John Edward Belcher (20 February 1834 – 20 August 1915) was an Irish-born Canadian civil engineer and architect. He is most known for his work in Peterborough, Ontario, where he designed many churches, residences and civic buildings which are now local landmarks. Belcher served as president of the Ontario Association of Architects in 1899.

Biography
John Edward Belcher was born on 20 February 1834 in Cork, Ireland. He was educated at Queen's College Cork, and articled with his father, Samuel R. Belcher, who was also an architect. Belcher apprenticed with John Benson before emigrating to British North America in 1858.

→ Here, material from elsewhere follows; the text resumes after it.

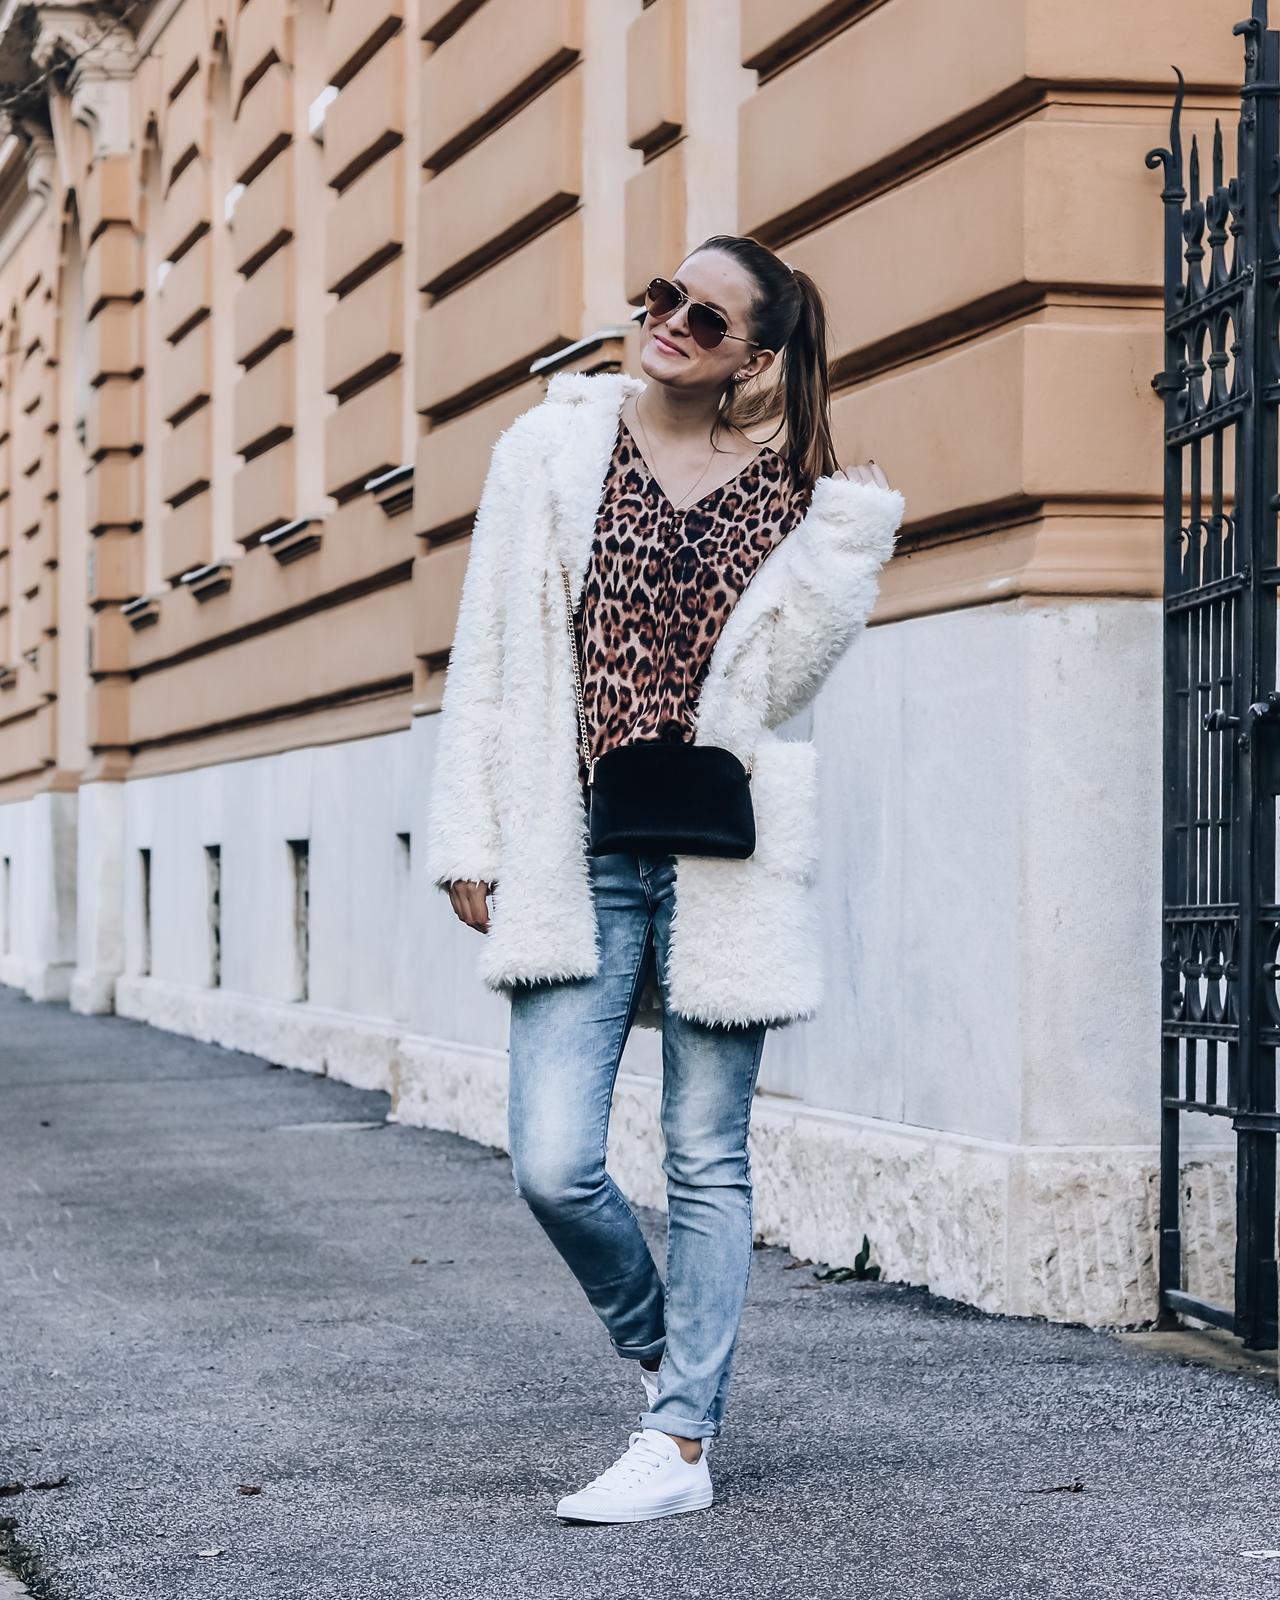 10 stylische Outfit Ideen für den Winter - Winter Looks - Was ziehe ich im Winter an - Stylingideen - Outfits für den Winter - coole Winter Looks - Styles für den Winter - Winterstyles Fashionladyloves by Tamara Wagner - Fashionblogger

Upon settling in Peterborough, Ontario, Belcher became civic engineer for the County and later Town of Peterborough. He was responsible for a number of civic improvements and public works projects. Most notably, the Market Hall, completed in 1890.

He built a number of Anglican, Methodist and Presbyterian churches in Peterborough and its surrounding area. In 1885, Belcher was appointed diocesan architect by the newly formed Roman Catholic Diocese of Peterborough. In this role, he expanded and renovated the Cathedral of St. Peter-in-Chains and built parish churches in Peterborough, Cobourg and Douro.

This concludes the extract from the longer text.